Flashbacks in stories

It’s October  and the mood on my Facebook feed couldn’t be more distinct. Fall weddings, National Novel Writing Month is just a month away, that “three months away from the end of 2012” feeling, and the advent of fall and colder temperatures.

That’s not to mention the exciting personal bench marks that come with it, birthdays, more weddings, and the surreal idea that for the first time, since I left California, I managed to hold down a job longer than two weeks, albeit with its ups and downs, and occasional flashbacks to not-so-happy memories of my first job.  Which brings me precisely to the topic of today’s post: Flashbacks.

Sometimes it feels like flashbacks work far more seamlessly in reality than fiction. A supervisor says or does something a certain way that brings back an unpleasant memory of a previous job, or hearing someone describing falling in love with Doctor Who and suddenly all the  emotions and reactions that stirred in you when you fell in love with  the show well up. The stimulus and the response of flashing back in reality is more spontaneous and effortless than it seems to come in fiction.

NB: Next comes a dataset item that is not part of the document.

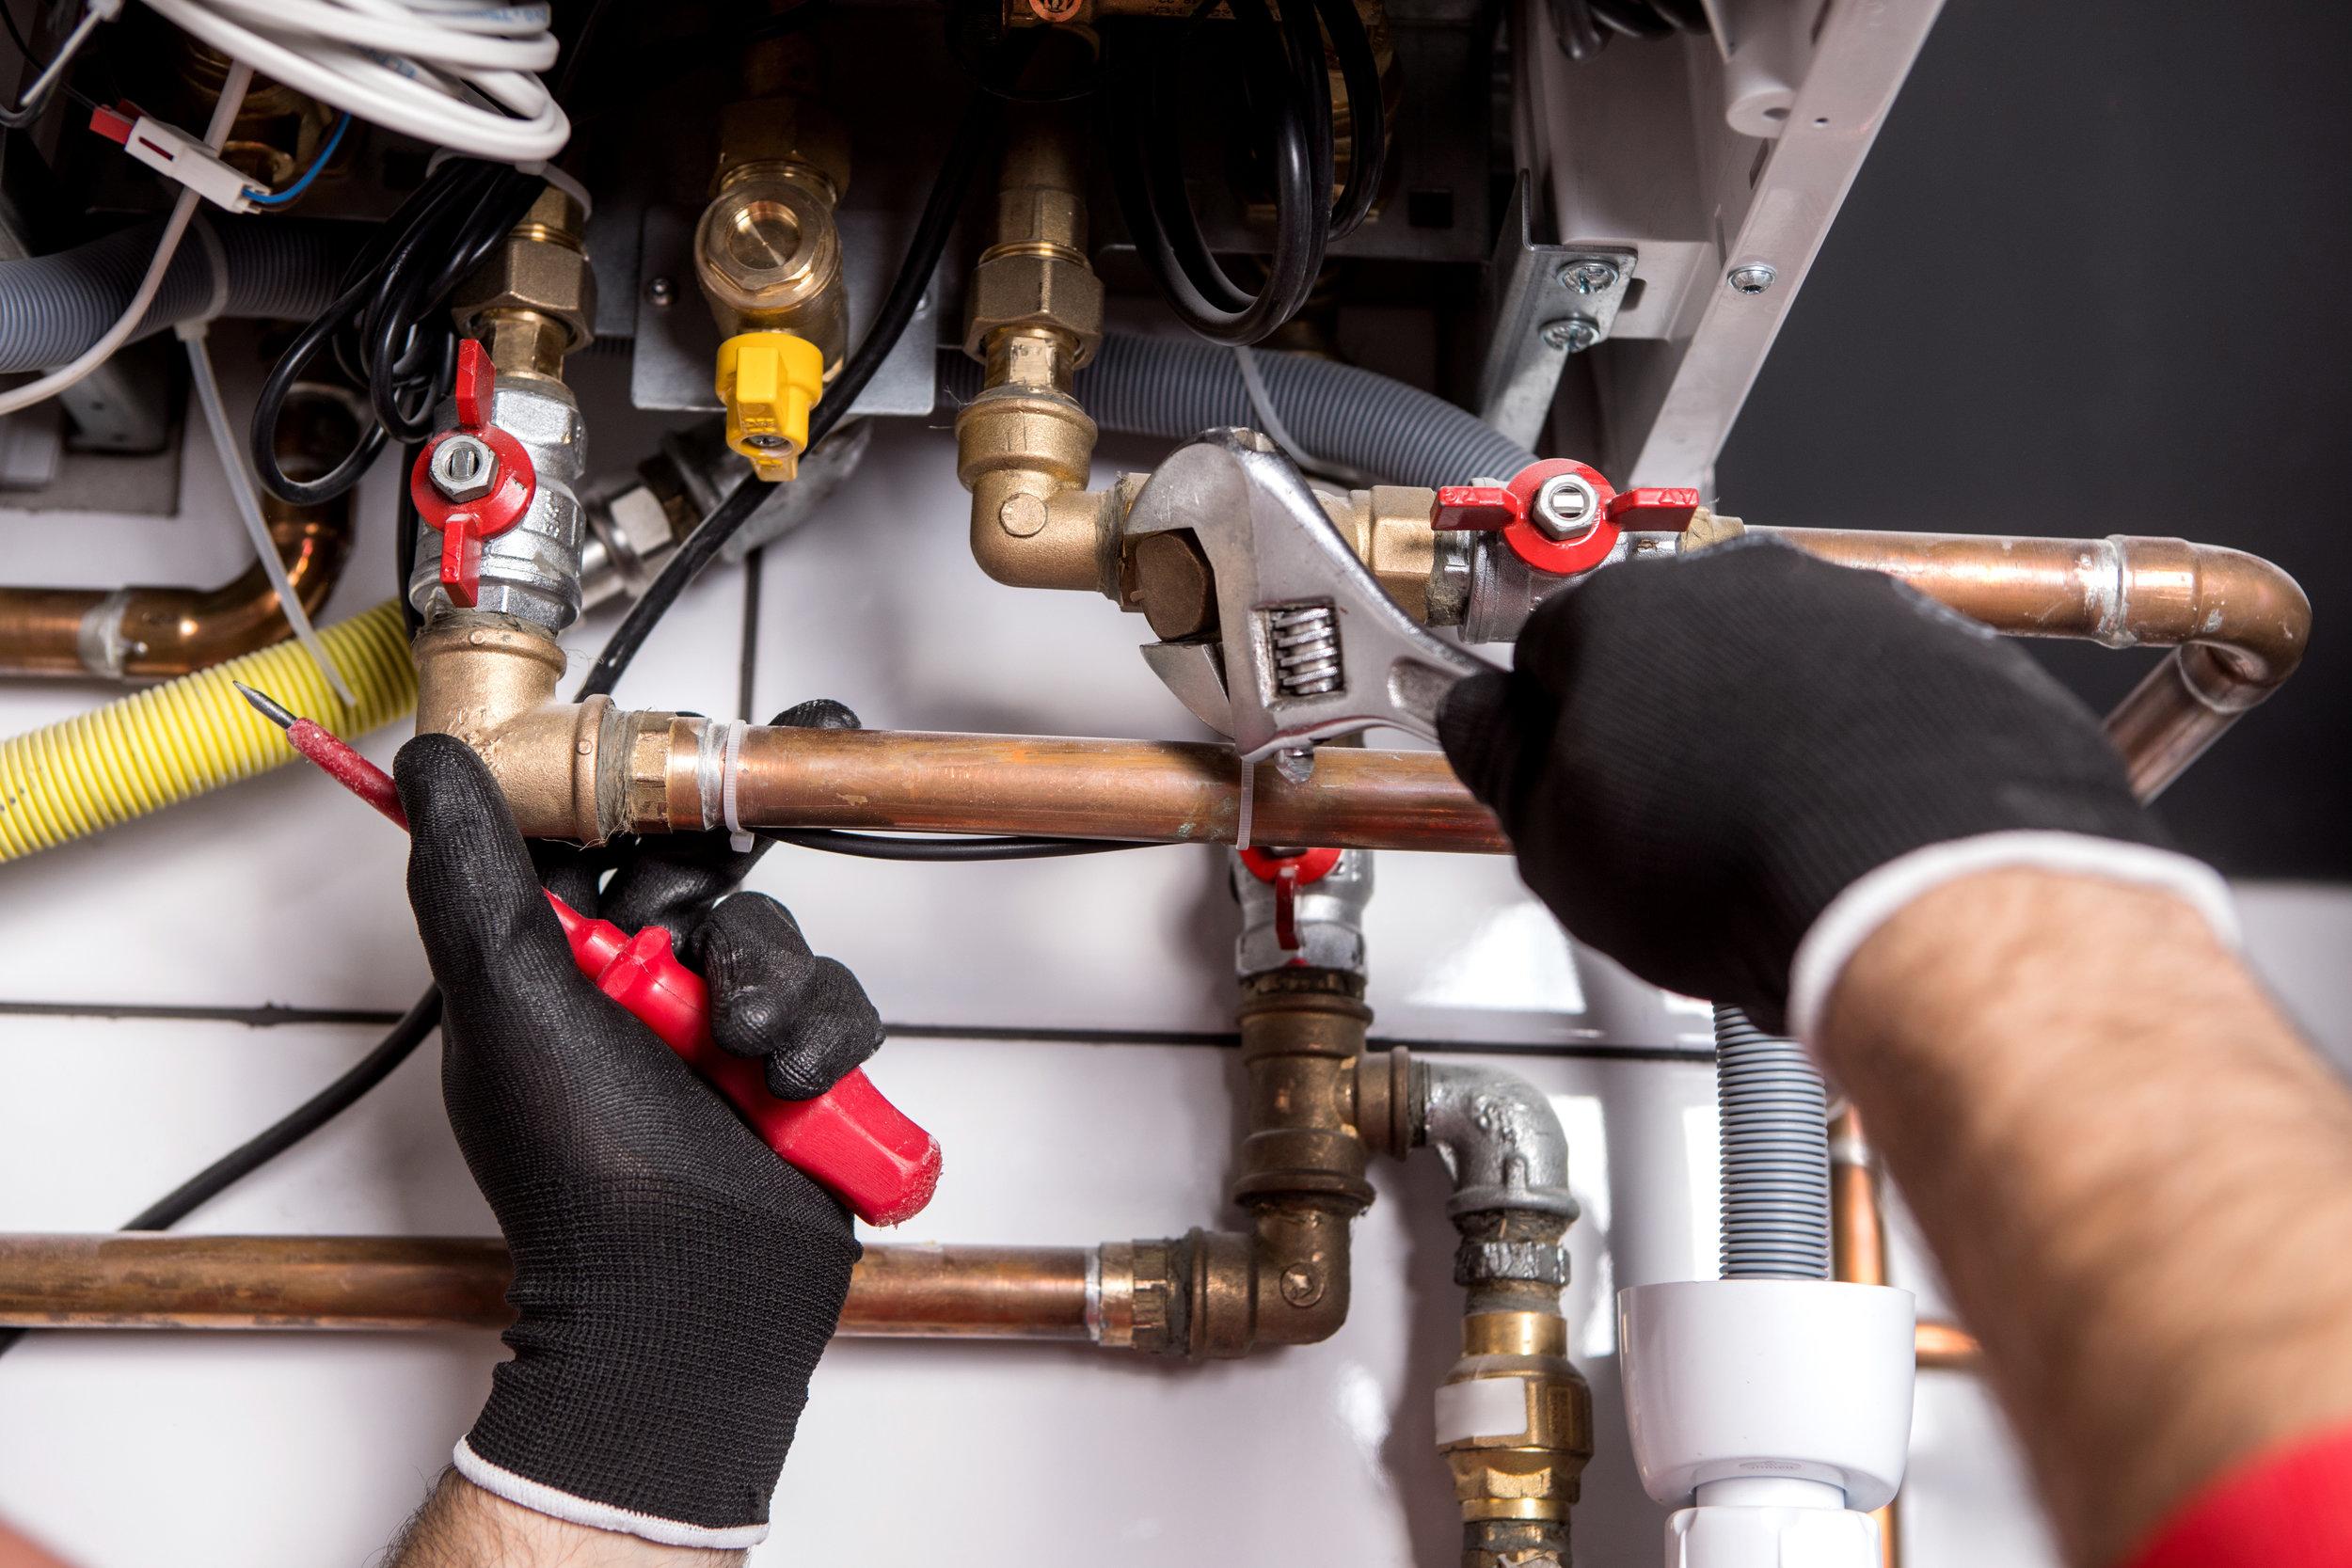 PLUMBING SERVICES - • Water Heater Repair & Installation• Drain Cleaning & Repair• Plumbing Remodeling• Plumbing Fixture Repair & Replacement• Plumbing Code Violations• Leak Detection & Repair• Sewer Services & Repair• Sump & Well Pumps• Water Treatment• Light Commercial Plumbing

Maybe some writers do find it easy to incorporate the two, but sometimes I feel like I really have to make my characters bleed before I finally get some back story out of them, or have flashbacks to their own pasts. Some might suggest that maybe I should pass over flashbacks if it’s an area of writing that I struggle with.

I feel that flashbacks are part of the human experience; that events, feelings, interactions strike significant chords of our life – things that have shaped our attitudes and beliefs, and we carry them through life, not always as baggage, and that they continue to shape  us through life.

The writer is on a fool’s errand if they think they can write a character without flashbacks, because unlike people, characters exist on the page, using the words we carefully select to bring them to life. With flashbacks, readers can become intimate with a character’s past and leave a book feeling like they’ve met a new friend. But it only works out well when the author has the skill to know when it add it and when the narrative is weaker or stronger because of its place in the story.